Neural networks, a type of machine-learning model, are being used to help humans complete a wide variety of tasks, from predicting if someone’s credit score is high enough to qualify for a loan to diagnosing whether a patient has a certain disease. But researchers still have only a limited understanding of how these models work. Whether a given model is optimal for certain task remains an open question.
MIT researchers have found some answers. They conducted an analysis of neural networks and proved that they can be designed so they are “optimal,” meaning they minimize the probability of misclassifying borrowers or patients into the wrong category when the networks are given a lot of labeled training data. To achieve optimality, these networks must be built with a specific architecture.
The researchers discovered that, in certain situations, the building blocks that enable a neural network to be optimal are not the ones developers use in practice. These optimal building blocks, derived through the new analysis, are unconventional and haven’t been considered before, the researchers say.
In a paper published this week in the Proceedings of the National Academy of Sciences, they describe these optimal building blocks, called activation functions, and show how they can be used to design neural networks that achieve better performance on any dataset. The results hold even as the neural networks grow very large. This work could help developers select the correct activation function, enabling them to build neural networks that classify data more accurately in a wide range of application areas, explains senior author Caroline Uhler, a professor in the Department of Electrical Engineering and Computer Science (EECS).
“While these are new activation functions that have never been used before, they are simple functions that someone could actually implement for a particular problem. This work really shows the importance of having theoretical proofs. If you go after a principled understanding of these models, that can actually lead you to new activation functions that you would otherwise never have thought of,” says Uhler, who is also co-director of the Eric and Wendy Schmidt Center at the Broad Institute of MIT and Harvard, and a researcher at MIT’s Laboratory for Information and Decision Systems (LIDS) and Institute for Data, Systems and Society (IDSS).
Joining Uhler on the paper are lead author Adityanarayanan Radhakrishnan, an EECS graduate student and an Eric and Wendy Schmidt Center Fellow, and Mikhail Belkin, a professor in the Halicioğlu Data Science Institute at the University of California at San Diego.
A neural network is a type of machine-learning model that is loosely based on the human brain. Many layers of interconnected nodes, or neurons, process data. Researchers train a network to complete a task by showing it millions of examples from a dataset.
For instance, a network that has been trained to classify images into categories, say dogs and cats, is given an image that has been encoded as numbers. The network performs a series of complex multiplication operations, layer by layer, until the result is just one number. If that number is positive, the network classifies the image a dog, and if it is negative, a cat.
Activation functions help the network learn complex patterns in the input data. They do this by applying a transformation to the output of one layer before data are sent to the next layer. When researchers build a neural network, they select one activation function to use. They also choose the width of the network (how many neurons are in each layer) and the depth (how many layers are in the network.)
“It turns out that, if you take the standard activation functions that people use in practice, and keep increasing the depth of the network, it gives you really terrible performance. We show that if you design with different activation functions, as you get more data, your network will get better and better,” says Radhakrishnan.
He and his collaborators studied a situation in which a neural network is infinitely deep and wide — which means the network is built by continually adding more layers and more nodes — and is trained to perform classification tasks. In classification, the network learns to place data inputs into separate categories.
“A clean picture”
After conducting a detailed analysis, the researchers determined that there are only three ways this kind of network can learn to classify inputs. One method classifies an input based on the majority of inputs in the training data; if there are more dogs than cats, it will decide every new input is a dog. Another method classifies by choosing the label (dog or cat) of the training data point that most resembles the new input.
The third method classifies a new input based on a weighted average of all the training data points that are similar to it.

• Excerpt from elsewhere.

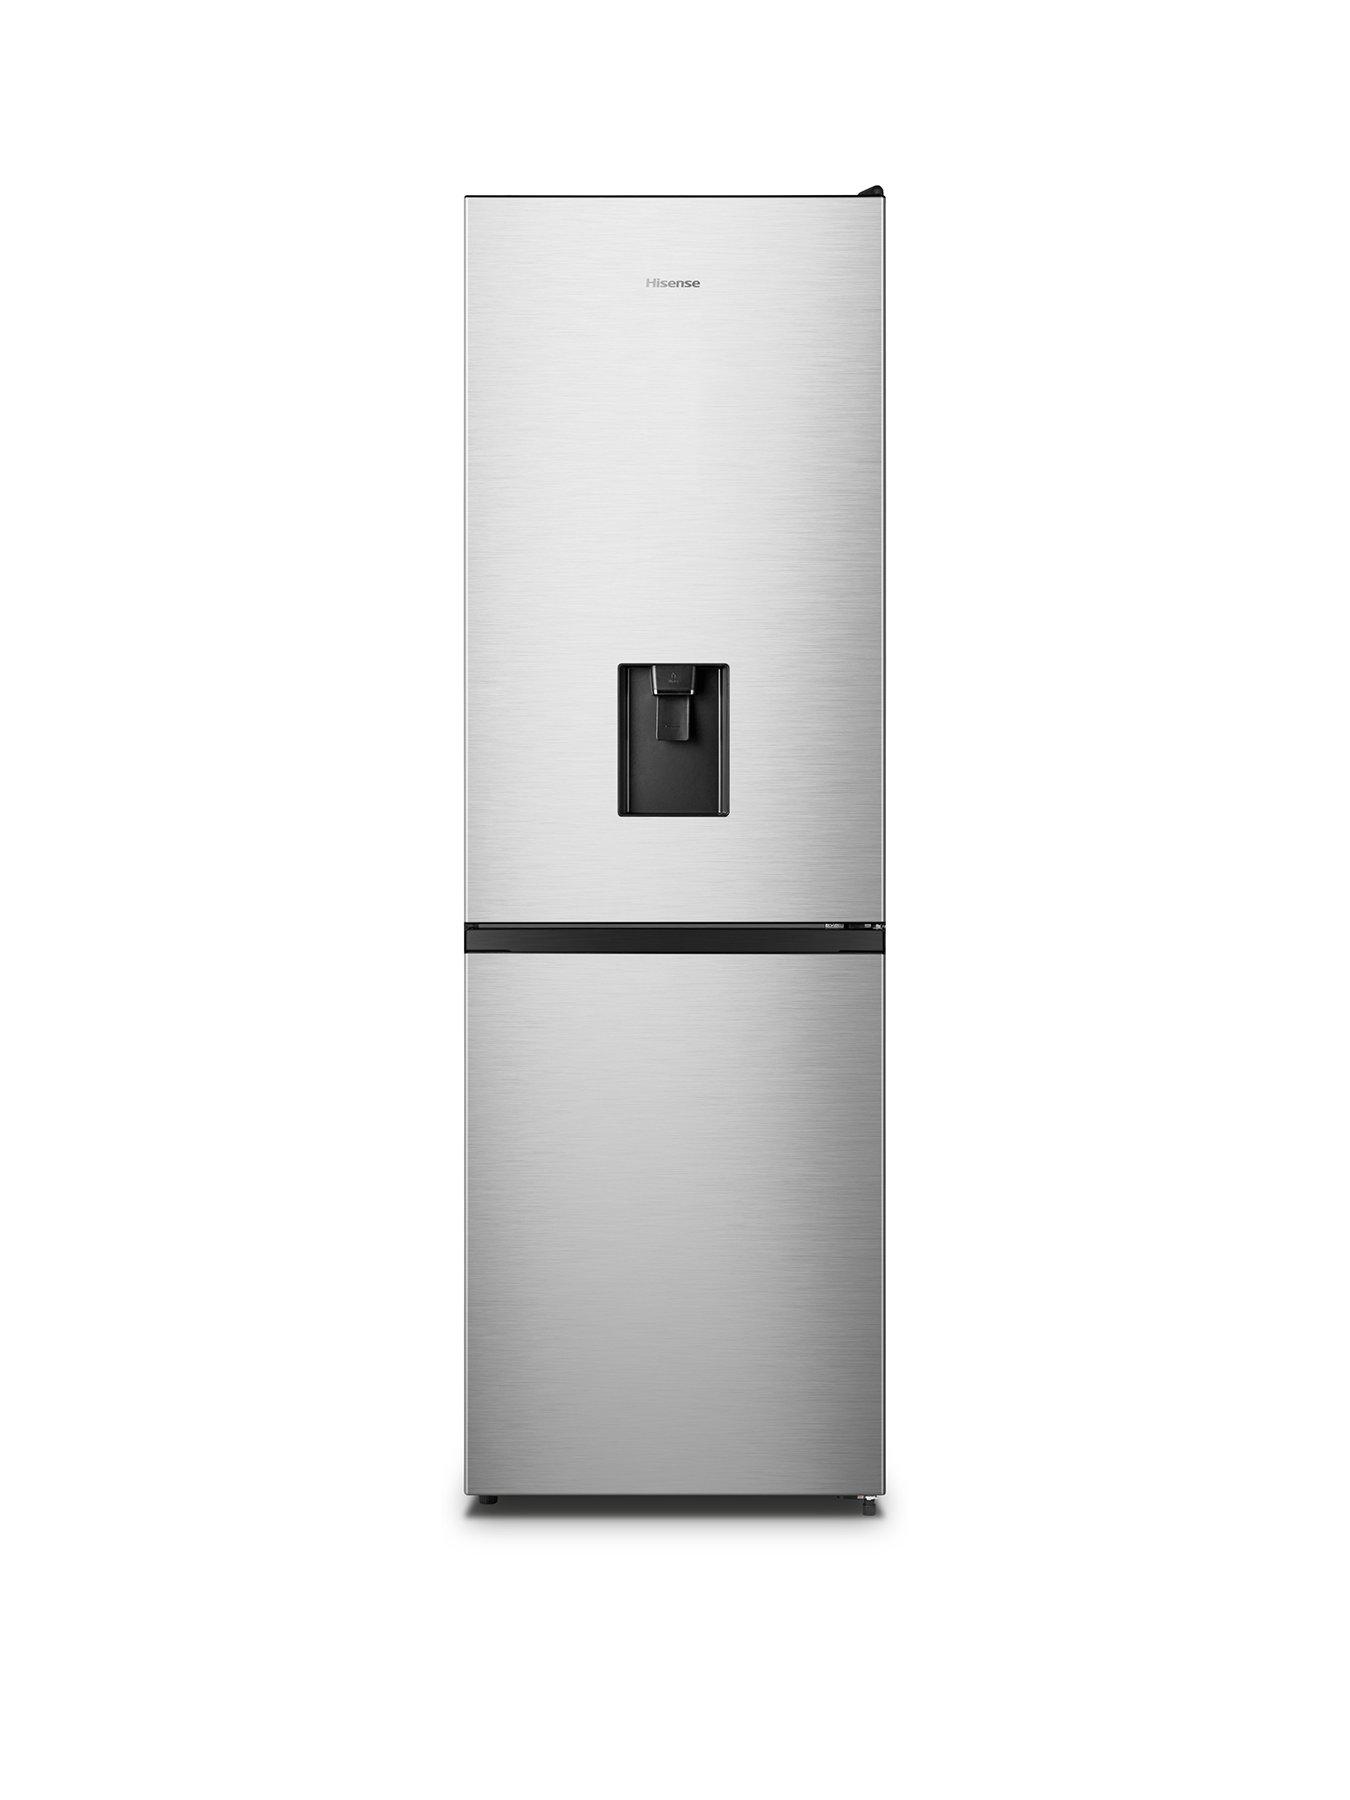 Hisense Rb390N4Wce 60Cm Wide, Total No Frost, Freestanding Fridge Freezer - Stainless Steel

Their analysis shows that this is the only method of the three that leads to optimal performance. They identified a set of activation functions that always use this optimal classification method.
“That was one of the most surprising things — no matter what you choose for an activation function, it is just going to be one of these three classifiers. We have formulas that will tell you explicitly which of these three it is going to be. It is a very clean picture,” he says.
They tested this theory on a several classification benchmarking tasks and found that it led to improved performance in many cases. Neural network builders could use their formulas to select an activation function that yields improved classification performance, Radhakrishnan says.
In the future, the researchers want to use what they’ve learned to analyze situations where they have a limited amount of data and for networks that are not infinitely wide or deep. They also want to apply this analysis to situations where data do not have labels.
“In deep learning, we want to build theoretically grounded models so we can reliably deploy them in some mission-critical setting. This is a promising approach at getting toward something like that — building architectures in a theoretically grounded way that translates into better results in practice,” he says.
This work was supported, in part, by the National Science Foundation, Office of Naval Research, the MIT-IBM Watson AI Lab, the Eric and Wendy Schmidt Center at the Broad Institute, and a Simons Investigator Award.